A Brief Introduction to Ruby's Kernel.fork
Recently, a coworker asked if I could help with manipulating some large CSV files. Each file contained approximately 1.2 million records and was over 200 megabytes in size. I’ve never worked with such large CSV files before, so I had no idea how long they would take to process.
I decided to start by writing a Ruby script that would parse and manipulate only a subset of the data. I used Benchmark to figure out how long it would take the program to run. I then did some quick calculations and the result was that it would take roughly 25 minutes to process the entire data set.
My first attempt looked like this:
require 'benchmark'
require 'csv'
# Read each record in sample.csv, manipulate it,
# and write it to sample.out.csv
bm = Benchmark.realtime do
File.open('sample.out.csv', 'w+') do |output|
CSV.foreach('sample.csv') do |input|
# Do some manipulations...
output.write(input.to_csv)
end
end
end
puts bm
Coincidentally, I had been reading about working with threads and processes in Ruby in the evenings. I thought that this would be a great opportunity to use some of my new knowledge.
About Kernel.fork
According to Ruby’s documentation, Kernel.fork
“creates a subprocess. If a block is specified, the block is run in the subprocess…” The documentation also points out that it should be used with Process.wait
or Process.detach
to avoid accumulating zombie processes.
Here is an example:
fork do
# Do stuff in a subprocess
end
# Wait for the subprocess(es) to finish
Process.wait
Reworking the Code
Integrating Kernel.fork
into my existing solution was very simple. All I had to do was insert a strategically placed fork
block into my code. The result being that I saved myself and my coworker several extra minutes of waiting.

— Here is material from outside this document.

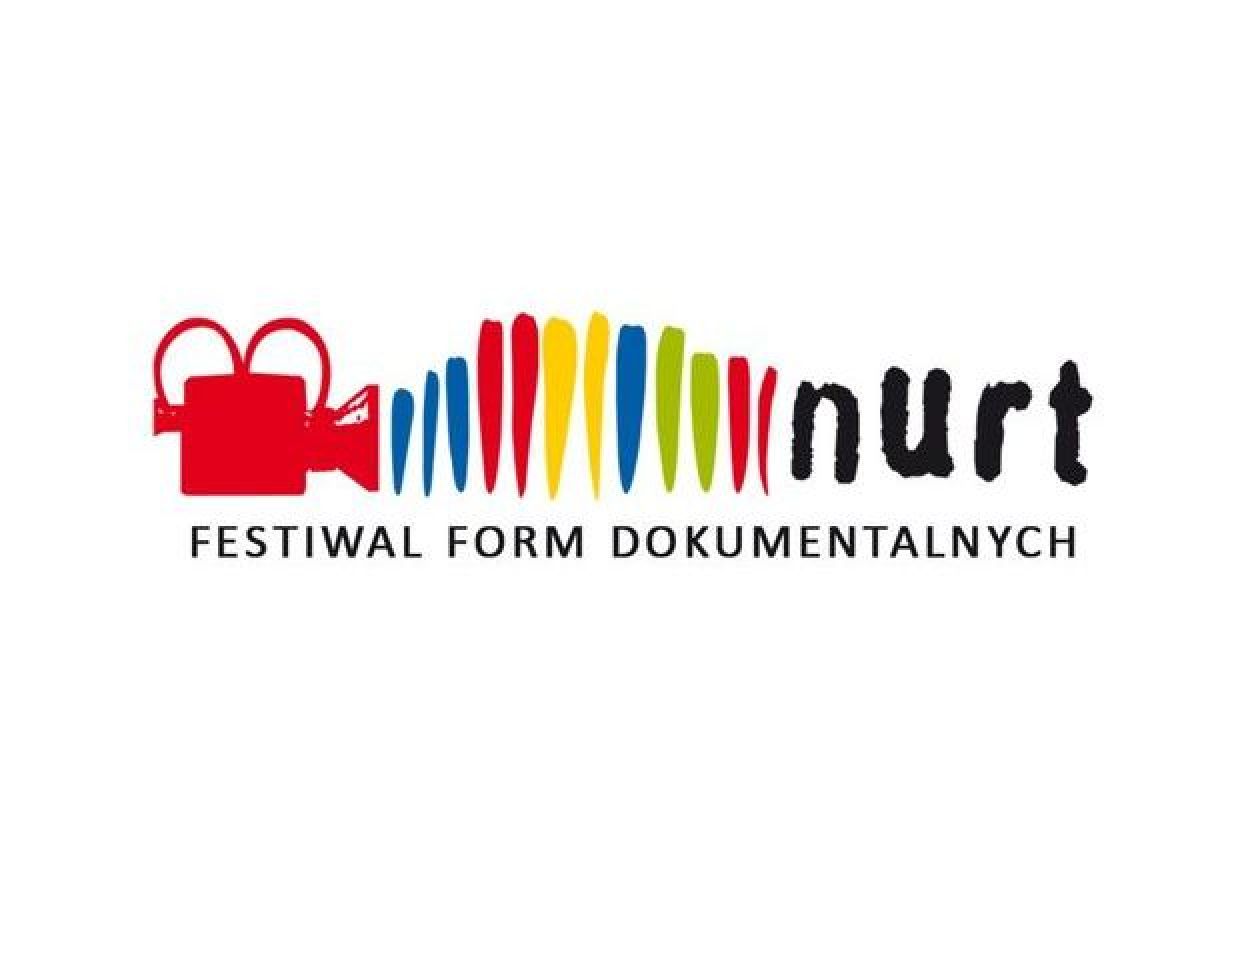  XXIX Festiwal Filmów Dokumentalnych Nurt z ministerialnym dofinansowaniem 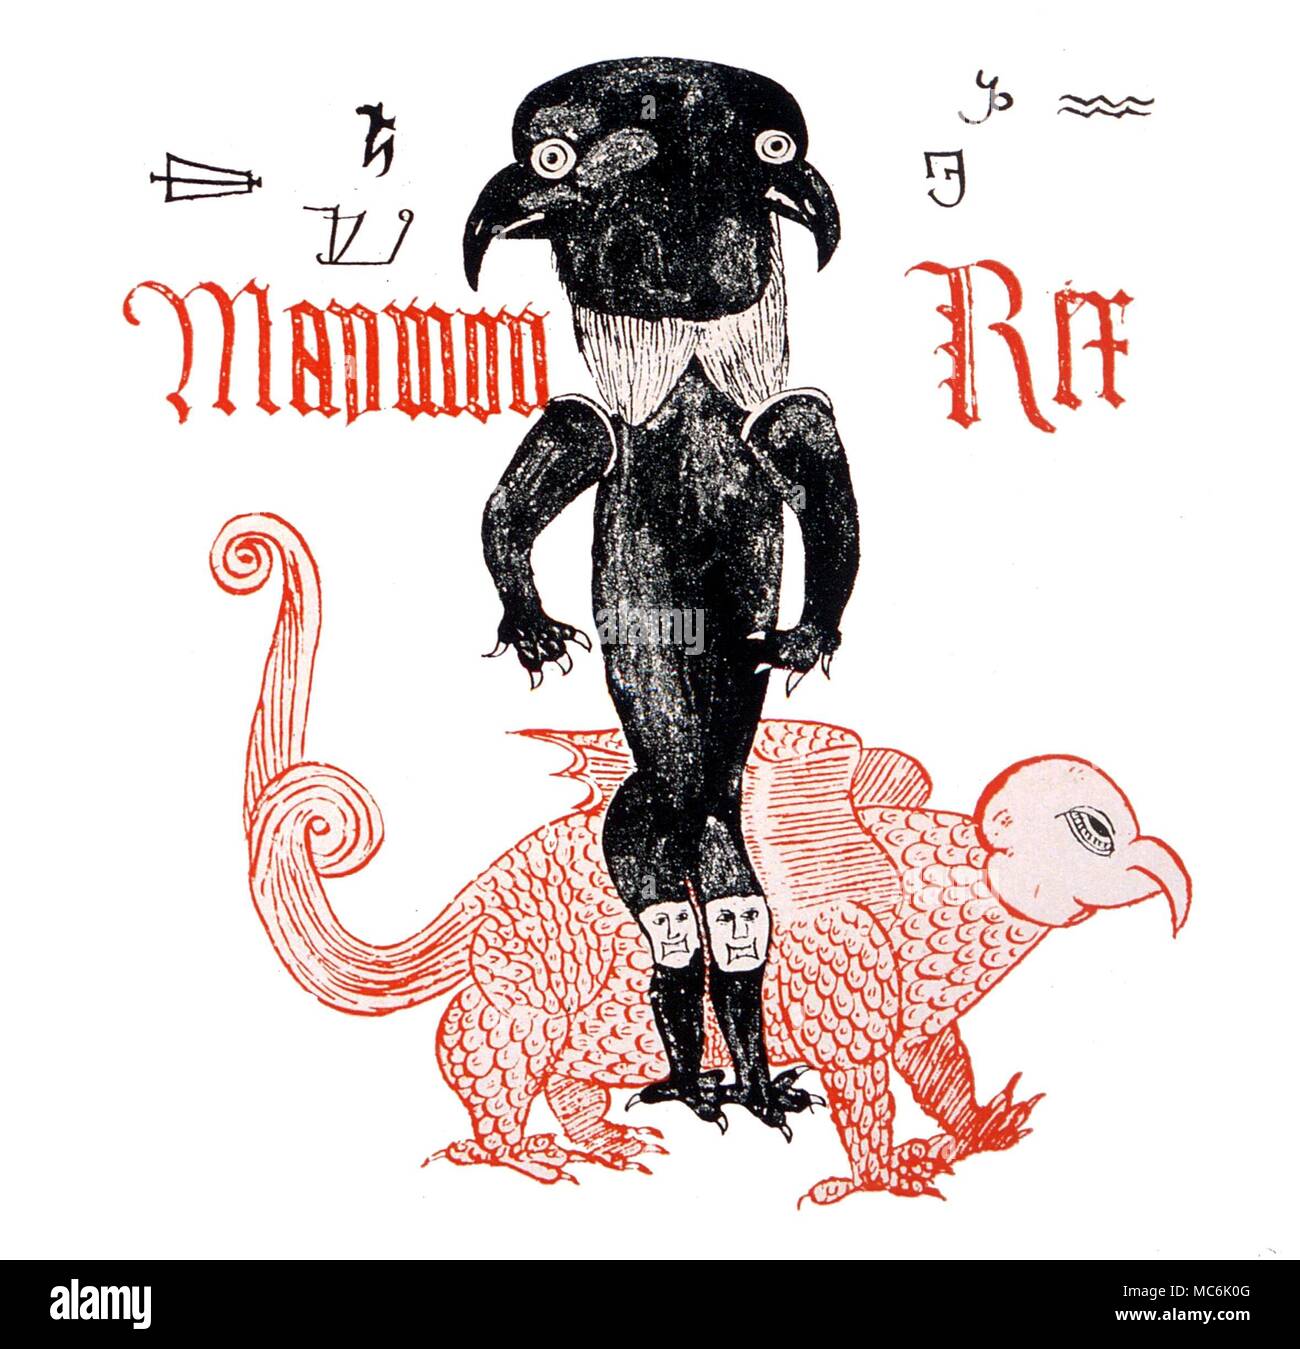 Dämonen - MAYMON REX. Die 'Dämon King' Maymon, von einem Englischen grimoire von C1500. Maymon ist eine Korruption des 'MAmmon". Private Sammlung Stockfoto

Here’s what I ended up with:
require 'benchmark'
require 'csv'
bm = Benchmark.realtime do
['file1.csv', 'file2.csv', 'file3.csv'].each do |input_file|
fork do
output_file = input_file + '.out'
File.open(output_file, 'w+') do |output|
CSV.foreach(input_file) do |input|
# Do some manipulations...
output.write(input.to_csv)
end
end
end
end
end
puts bm
Bonus Tip
You can achieve the same result in Bash using ampersands (&). In Bash, the ampersand is a control operator used to fork processes. This means that if I were to modify the previous example to accept an input file and output file as arguments, I could then run the following command in Bash and achieve similar results:
ruby parse.rb in1.csv out1.csv & \
ruby parse.rb in2.csv out2.csv & \
ruby parse.rb in3.csv out3.csv &